Interested companies must send the federal government an initial sketch of their plan by Nov. 7 and submit a full application by April 2023.
In a letter informing lawmakers he would sign the bill, Wolf said that “partners in Pennsylvania are currently preparing applications…to pursue this opportunity.”
One source close to negotiations, who asked for anonymity to discuss private discussions, said the intended recipient for the hydrogen hub credit is Pittsburgh-based U.S. Steel.
The company announced plans in August to pursue a hydrogen hub in the “Ohio, West Virginia, Pennsylvania region” in conjunction with Shell and a third company.
The company still has four steel-making facilities in Pennsylvania — including one in Clairton that has been fined for pollution in recent years — and experts have noted that one of hydrogen’s best uses could be to decarbonize heavy industries like steel.
In his letter, Wolf pointed to a requirement that hydrogen credit recipients follow federal guidance for carbon capture to ensure that the hydrogen produced from fracked natural gas would be carbon neutral and not contribute to the state’s 200 million-plus tons of annual greenhouse gas emissions.
“But for these strong environmentally protective requirements, I would not be signing this legislation,” Wolf said in a statement.
Environmentalists noted that those federal standards, set by the Department of Energy, could be loosened by the next administration.
Given Wolf’s focus on reducing carbon pollution through an initiative to cap emissions from power plants, “it is disappointing to see more fossil fuel subsidies as part of his legacy as he leaves office,” Katie Blume, political and legislative director of Conservation Voters of Pennsylvania, told Spotlight PA.
Other intended recipients of the credit expansion, the source said, include Houston-based Nacero, which last year announced plans to build a $6 billion plant converting natural gas to gasoline in northeastern Pennsylvania.
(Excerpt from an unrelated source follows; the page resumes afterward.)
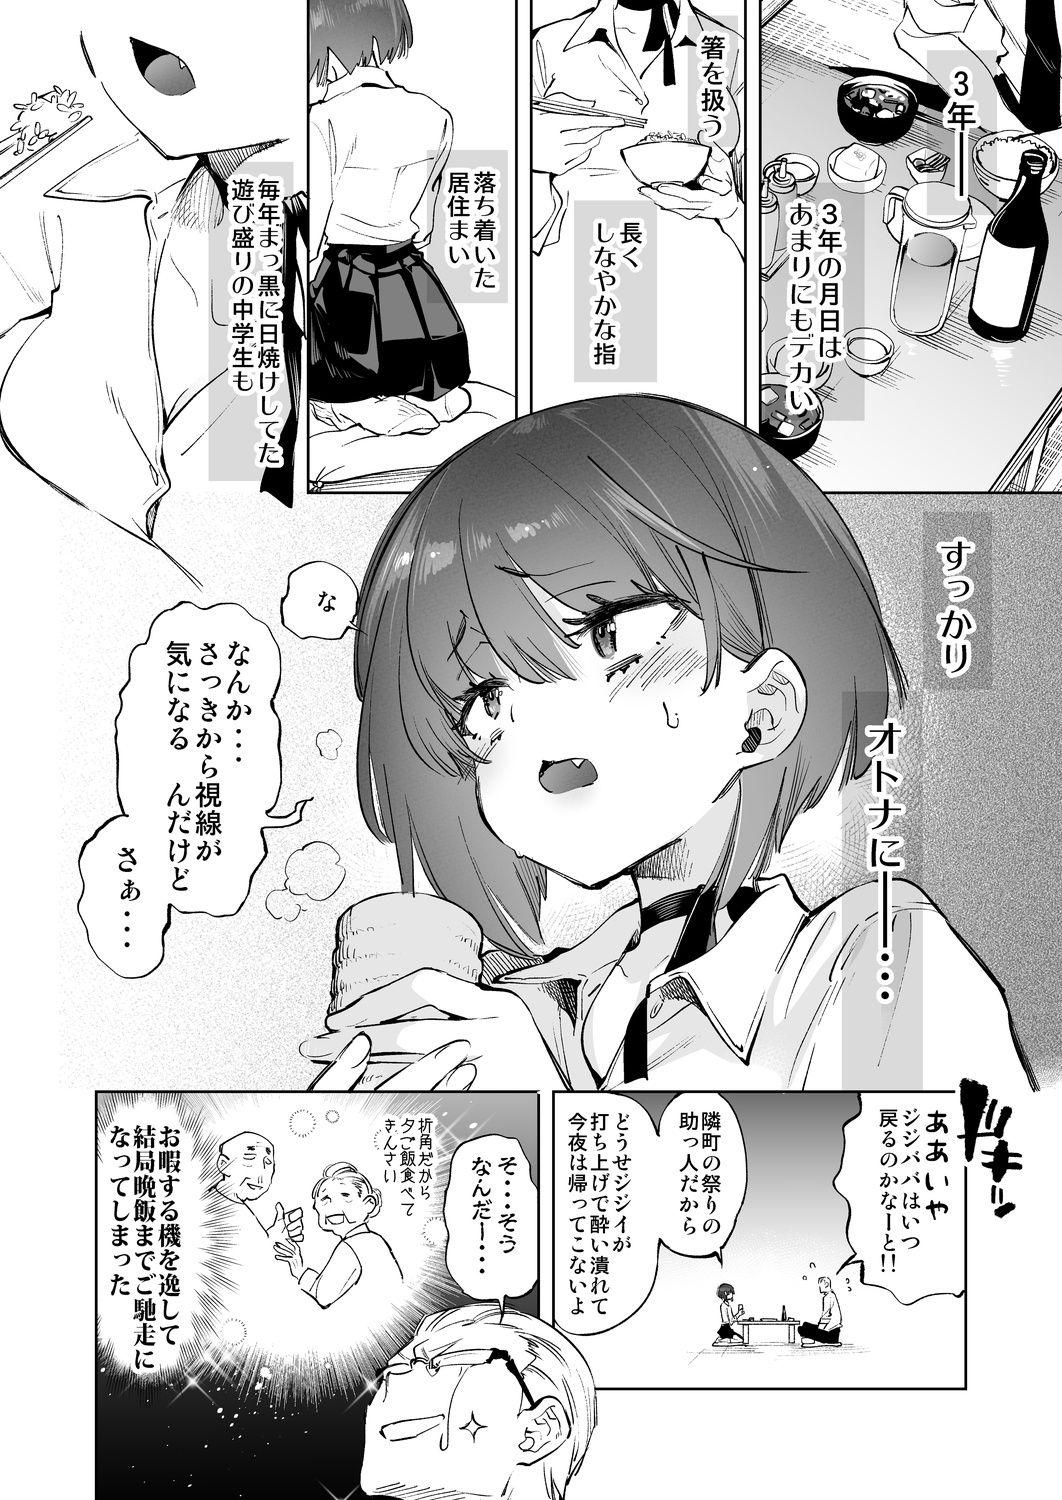 Grandmother 2haku 3ka no Hanayome 3 years after - Original Taboo - Page 8
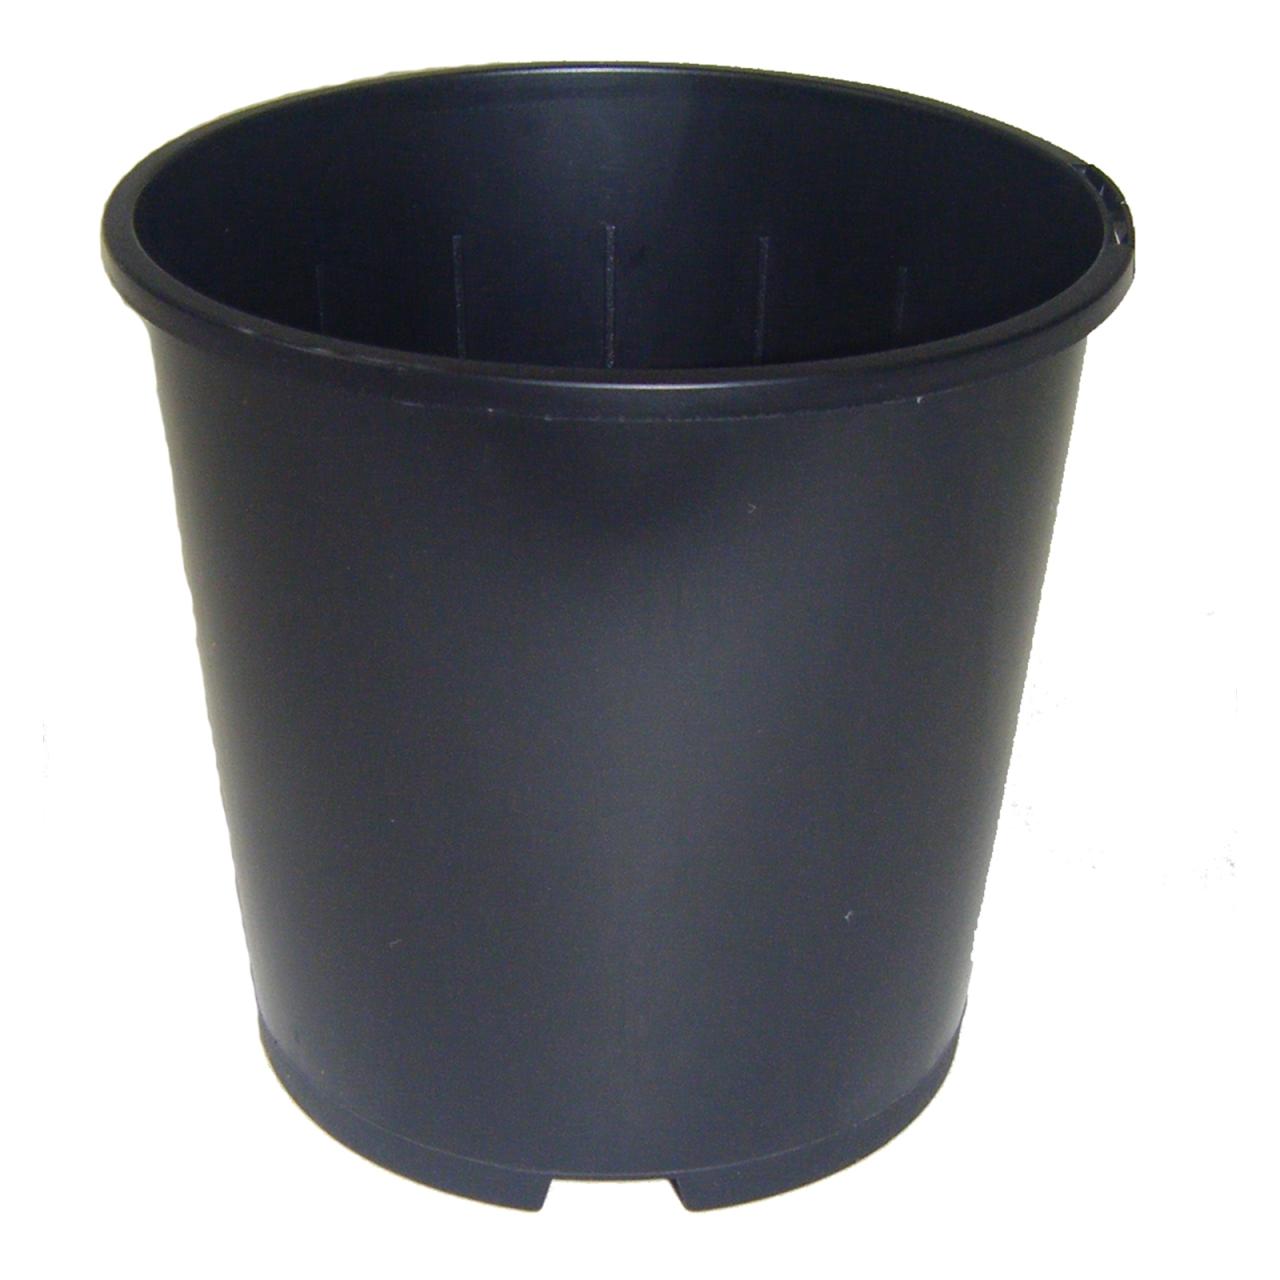 Hanging Plants Indoor | Black Plastic Pot Bunnings: A Versatile and Durable Gardening Essential

The company has yet to apply for environmental permits, according to the state Department of Environmental Protection.
The final intended recipient is Chicago-based Fairlife, a dairy company and subsidiary of Coca-Cola that has yet to announce any expansion plans. But the source said it is hoped that a new processing plant will use Pennsylvania-produced milk.
None of the companies replied to requests for comment. To qualify for the credits, all would have to hit specific investment and job requirements.
The credits are transferable, meaning that if a company does not have a tax liability, it can sell the credits to another company. The state’s controversial film tax credit is similarly constructed, and allows companies unrelated to movie and TV production to reduce their tax bills.